Em menos de um mês, por duas vezes assisti ao espectáculo macabro. Primeiro na Festa da Cerveja, depois na Feira de Artesanato, sempre no Passeio Alegre – onde o Douro vem repousar nos braços tormentosos do Atlântico. Dizem-me que é estratégia de marketing da reputada casa que confecciona os bacorinhos. A espaços, os recos, que mal chegam a ter uma impressão da vida, desfilam esticados e prontos a degustar, rua fora, perante a exaltação das papilas gustativas dos comensais.
Dizem-me que se trata de uma inteligente estratégia de marketing. O empresário que se especializou nos leitões sabe que temos mais olhos que barriga. A melhor maneira de atrair a clientela é organizar o desfile dos porquinhos, com a sua pele bronzeada pelo tórrido forno. Eles passam, deitados numa travessa de madeira, numa lentidão bem estudada, mesmo à frente dos olhos de quem se passeia para afagar o estômago. Inteligente estratégia de marketing, repetem-me. Ou concorrência desleal; ou falta de rasgo dos outros restaurantes, por não terem a sagacidade de encontrar um chamariz deste calibre.
Não adiro à tentação. A “estratégia” não me é destinada, pois leitão é carne que não entra pela minha boca. Sempre me custou saber que os pobres leitões nascem para, pouco tempo de vida depois, estarem fadados para embelezar uma travessa, enfeitados com gomos de laranja. Para delícia de quem se amesenda na lúgubre expectativa de lambuzar o sentido gustativo com a iguaria. Na repetitiva covardia de quem se mantém, a custo, carnívoro, sempre vi o consumo dos bacorinhos como manobra de horrendo infanticídio.
A descoberta do empresário da restauração assenta que nem uma luva à nossa feição animalesca. A gula vence todos os demais predicados dos sentidos, derrota mesmo as barreiras que a racionalidade pudesse erigir, fustigando-nos pelo dó de alma que é comer um inocente, infante animal. A gula pode com tudo isto. É o império do sentido gustativo, apadrinhar o paladar com o apetitoso bacorinho que se revolve entre os dentes, a língua e as gengivas, para prazer das células que captam o gosto. Não importa que haja algo de macabro na ceifa de vida de um infante animal. Outra vez: é a cadeia alimentar, um fruto da natureza. Há animais que existem para servir os prazeres (ou as necessidades) humanos.

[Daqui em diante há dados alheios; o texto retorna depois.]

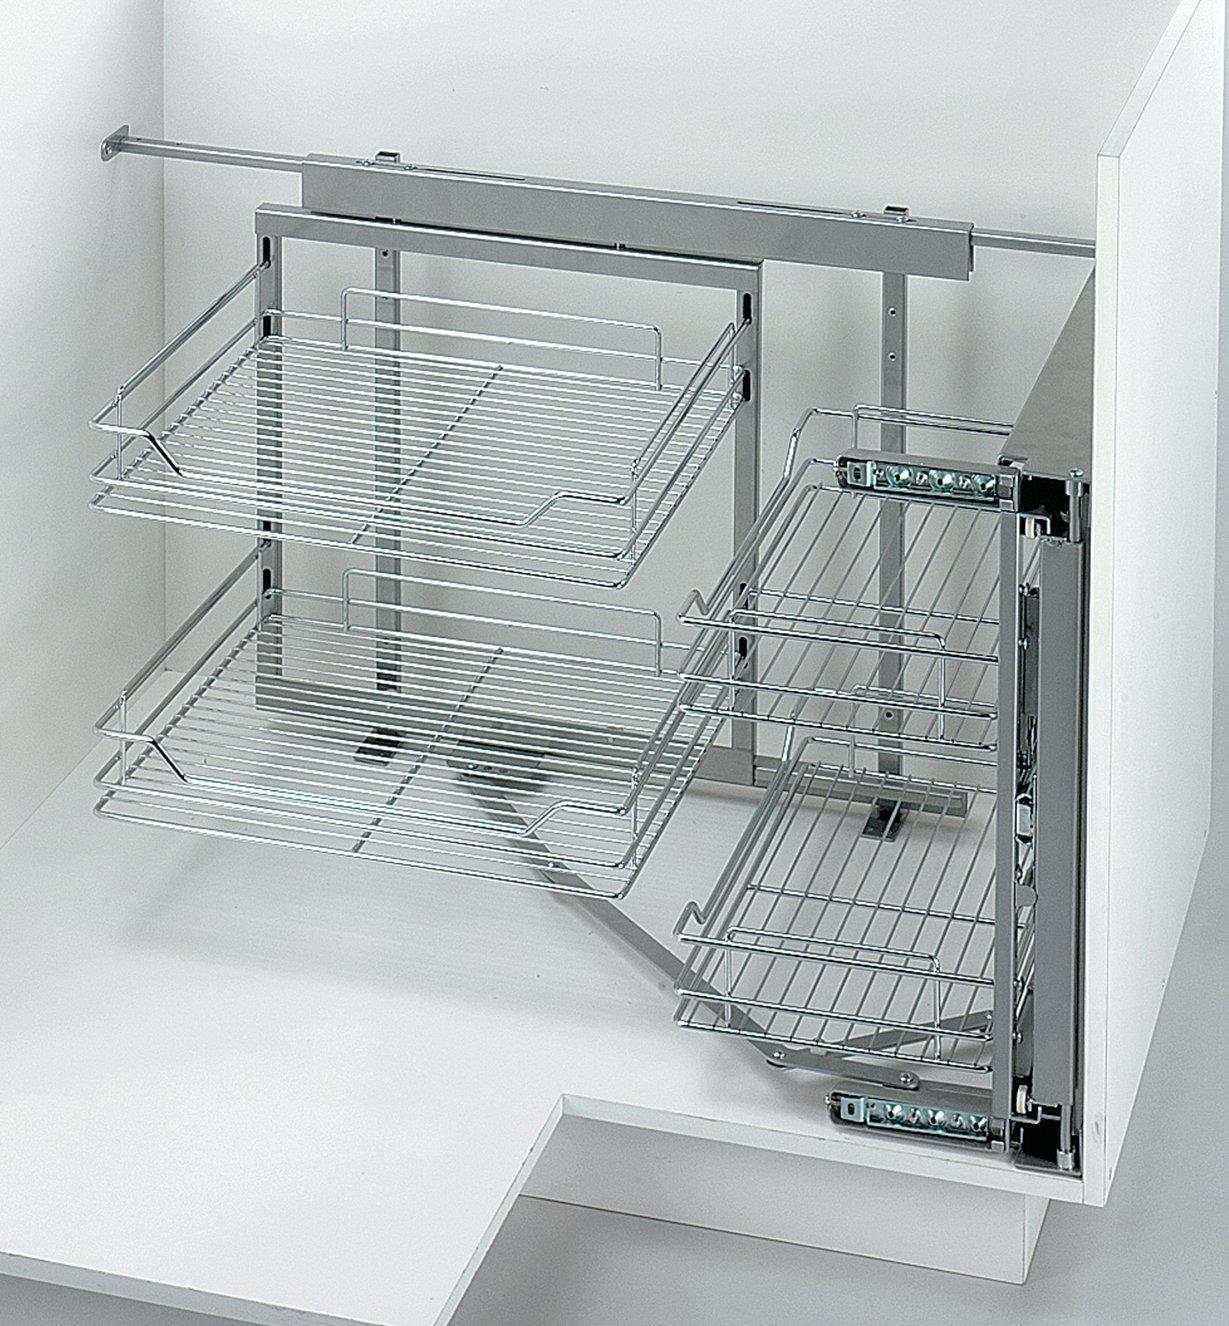 Example of Blind Corner Unit mounted in a cabinet

Nem a voraz gula é obliterada pelo deplorável desfile dos leitões rua fora, como se tratasse de uma passagem de modelos. O povo celebra a sua imbecilidade, respondendo ao chamamento de um dos seus pares que teve a “inteligência” (esperteza saloia) de organizar o desfile. Tudo cuidado ao pormenor: as iguarias podiam entrar no recinto de forma mais discreta, directamente para o estaminé em causa. Não, a “estratégia de marketing” foi muito bem pensada: os bácoros entram pelo lado oposto da rua, atravessando todo o recinto em pose triunfante. Quando, no fundo, o que aqui triunfa é a esperteza saloia do empresário e a bestialidade humana, que não se coíbe de aplaudir de pé enquanto os olhos antecipam os prazeres do paladar. Não sem antes a horda se deslocar, em hipnose colectiva, à barraquinha dos leitões.

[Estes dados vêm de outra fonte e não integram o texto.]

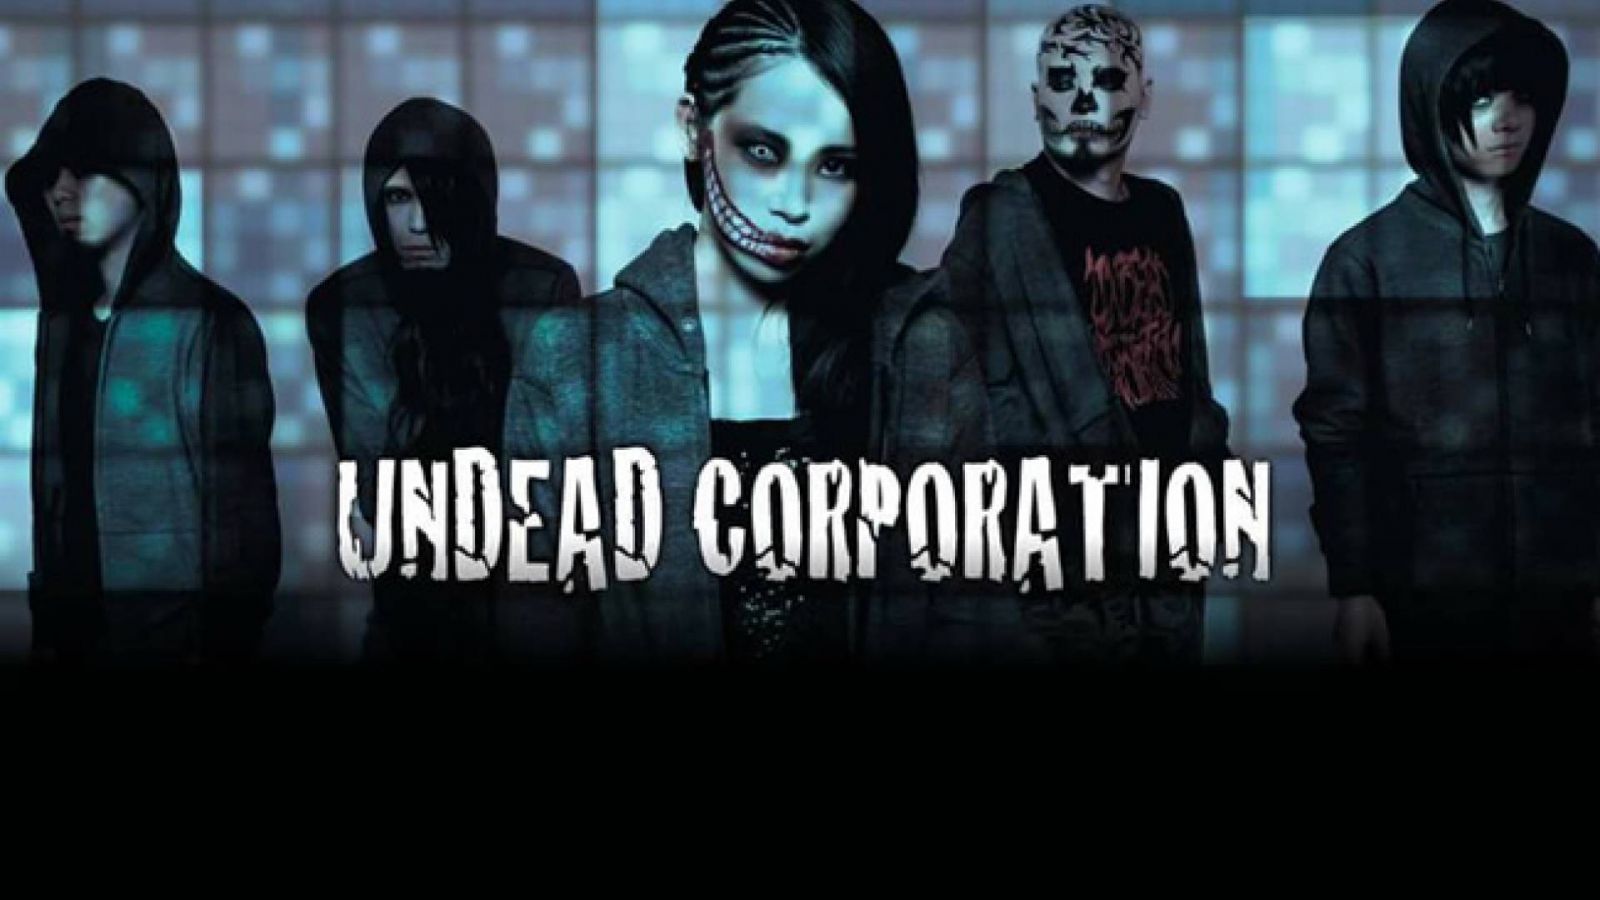 UNDEAD CORPORATION - Tsuwamono © 2015 UNDEAD CORPORATION. All rights reserved.

É a sede consumista, bem nutrida pela fobia capitalista que nos cerca por todos os poros, dirão os arautos da desgraça. Em réplica, direi que é a simples natureza humana a funcionar, por cima de quaisquer divergências de ideologia, que para aqui não é coisa que deva ser chamada. E se o espectáculo a que assisti por duas vezes num espaço de um mês é, para mim, degradante, tenho que aceitar que seja uma visão tentadora para uma larga fatia da população habituada a este expoente da gastronomia tradicional.

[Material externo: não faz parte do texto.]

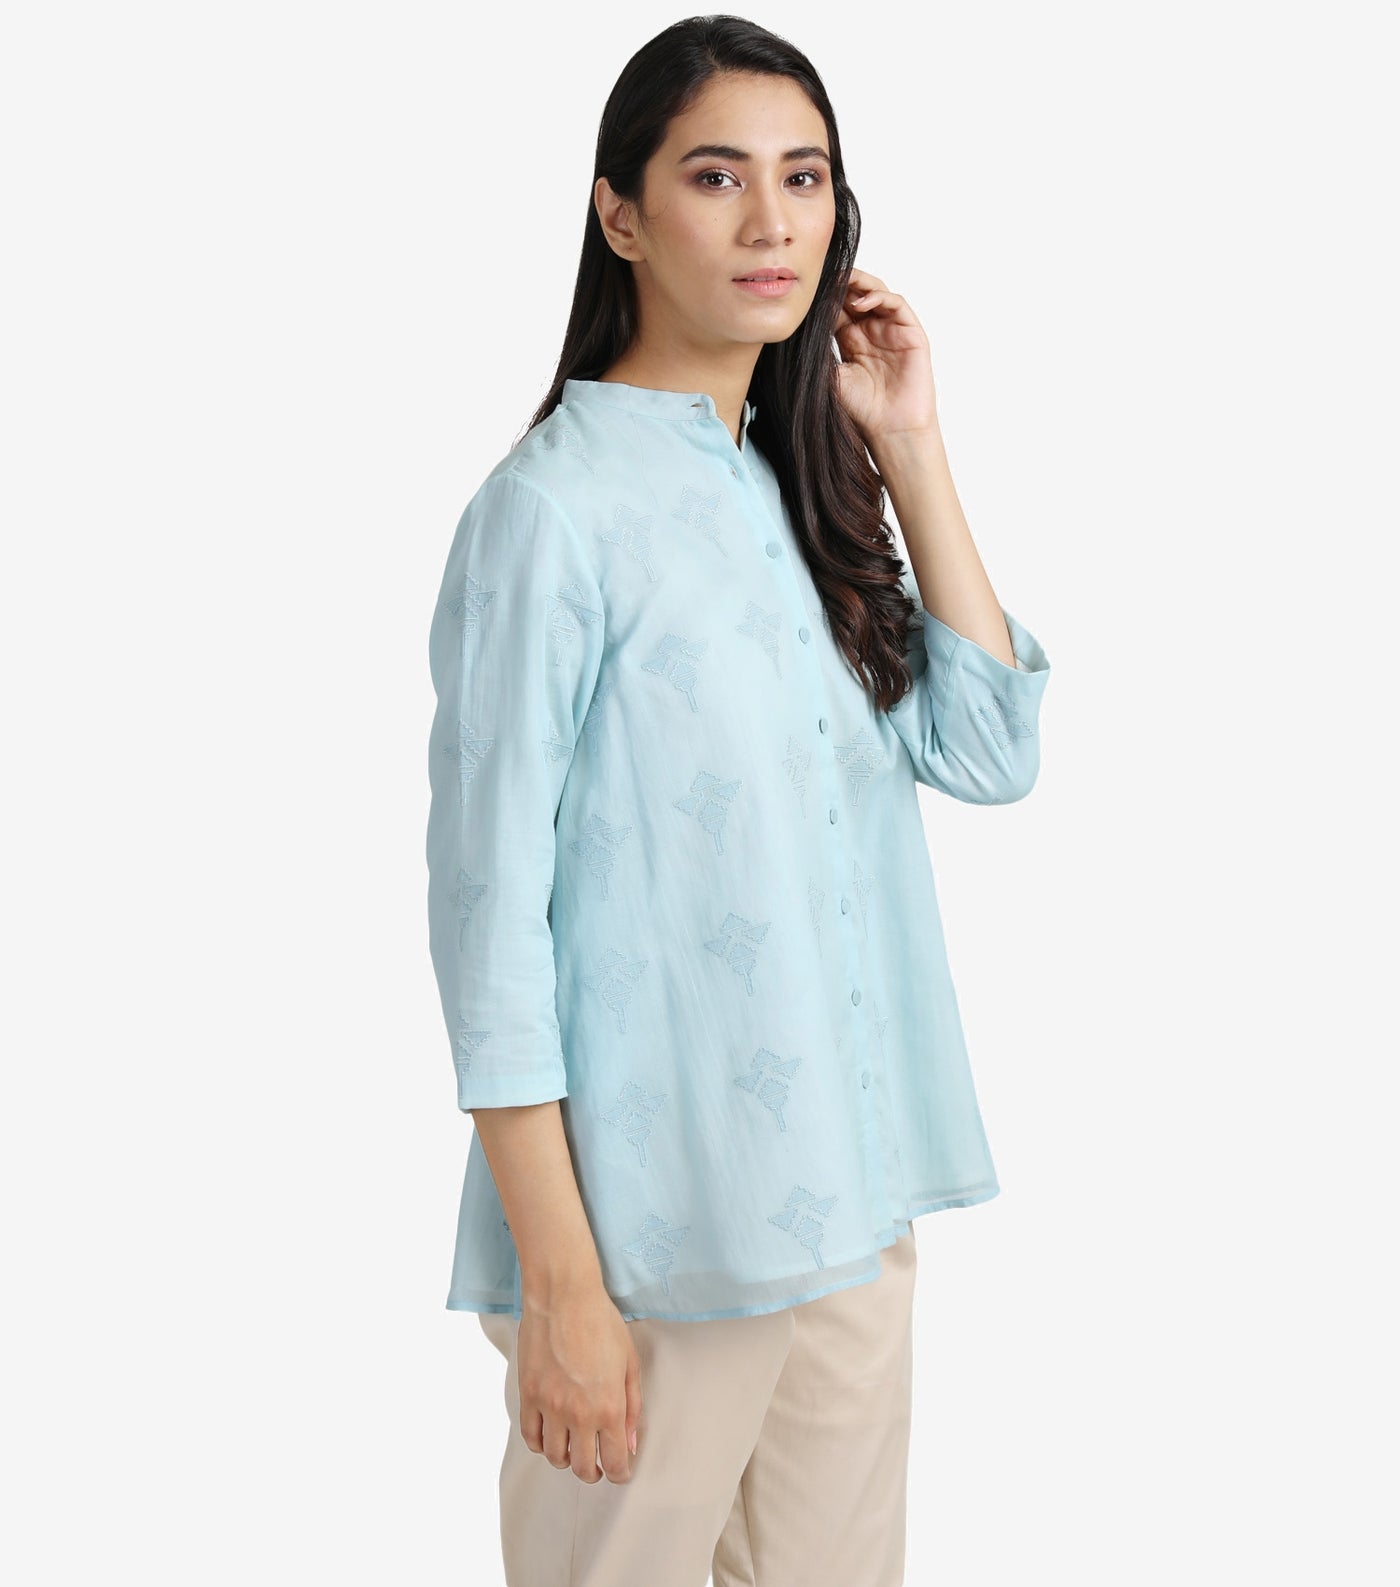 Skyblue embroidered cotton shirt

Tenho bom remédio: ou deixo de frequentar festas de cerveja, feiras de artesanato e coisas do género (evitando um contacto próximo de mais com o povinho que vota PS), ou viro a cara para o lado, num ensaio de hipocrisia, fazendo de conta que não vejo o que agride a vista. Assim como assim, não consigo escapar de uma incoerência pessoal: quando ingiro vitela, incorro no mesmo “pecado” do infanticídio carnal.